L’égalité réelle
- Détails
- Catégorie : Diabloguiste
- Publié le samedi 13 février 2016 10:14
- Écrit par Claude Séné
Vous avez peut-être sursauté tout comme moi en découvrant l’intitulé du secrétariat d’État confié à la députée ultramarine de la Réunion, Éricka Bareigts, qui va être chargée de l’égalité réelle. La tentation est forte de se moquer de ces appellations saugrenues qui président parfois à la création de ministères improbables que l’on suppose imaginés de toutes pièces pour caser une personnalité, et l’opposition ne s’en est pas privée. Il y aurait donc une égalité « irréelle », ont ironisé les internautes de la twittosphère. Eh bien, oui. Si la formulation est maladroite, le problème existe bien.
Si le poste a été confié à une personnalité issue de la diversité comme on dit, c’est évidemment tout sauf un hasard. On imagine aisément qu’il y aura dans ses attributions la lutte contre les discriminations de toutes sortes. Le fameux plafond de verre qui empêche encore les femmes d’accéder aux plus hautes responsabilités, les disparités de salaire entre les hommes et les femmes, les obstacles à l’embauche en fonction de l’origine sociale ou la couleur de la peau, pour ne citer que celles-là. En effet, si notre constitution déclare que les citoyens naissent et demeurent libres et égaux en droits, la réalité des choses est manifestement tout autre. Cette égalité dans les textes n’est qu’une égalité formelle, loin d’être appliquée et opérationnelle. Toute l’ambiguïté repose sur cette supposée égalité entre les êtres humains à la naissance, qui n’est manifestement pas naturelle et ne peut se réaliser que par une action volontaire de la société.
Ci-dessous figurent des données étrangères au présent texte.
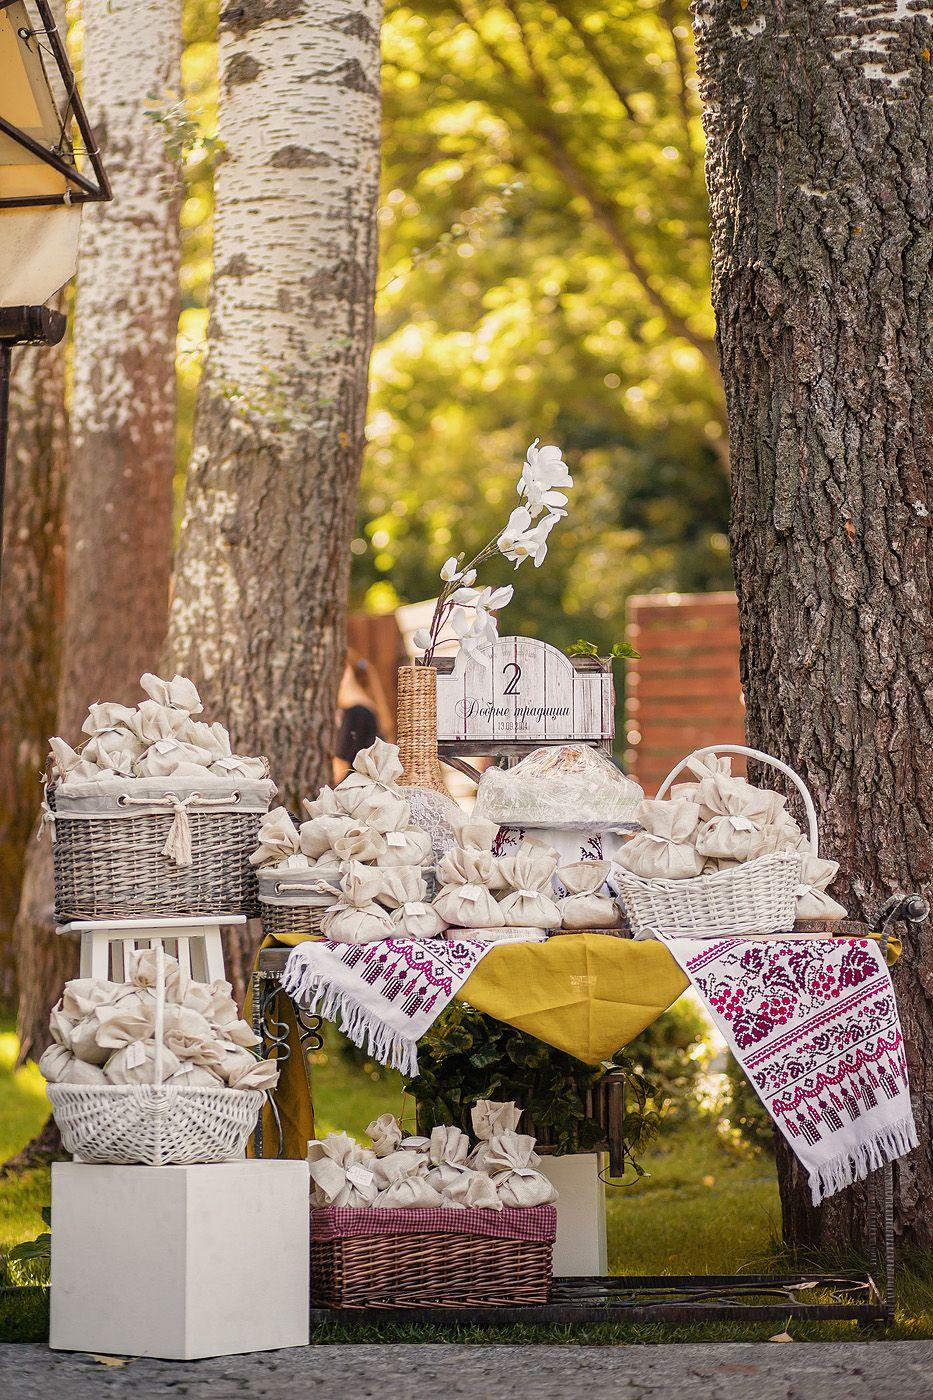 wedding traditions, wedding efreshments, family traditions, national traditions, свадебные традиции, семейные традиции

Si l’on met à part une poignée de conservateurs extrémistes qui justifieront à n’importe quel prix la conservation de leurs privilèges, la plupart des gens seront d’accord pour que le principe d’égalité soit appliqué. Du moins à la première génération. Dès qu’il y a accumulation de patrimoine se pose la question de l’héritage et de la transmission. Et par là même, celle de la reproduction des inégalités. Les plus généreux penseurs progressistes s’accorderont pour prôner une égalité des chances, la moins imparfaite possible, avec l’objectif de la promotion sociale, le fameux bâton de maréchal dans la gibecière du plus pauvre soldat. Un mythe comparable au gros lot des jeux à gratter ou au slogan de la loterie nationale, 100 % des gagnants ont tenté leur chance. Les malchanceux que la société laisse sur le bord de la route se consolent en se réjouissant du bonheur des riches ou de leur malheur, d’ailleurs, et espèrent que le sort leur sera plus favorable un jour. Cherchez l’égalité dans tout ça.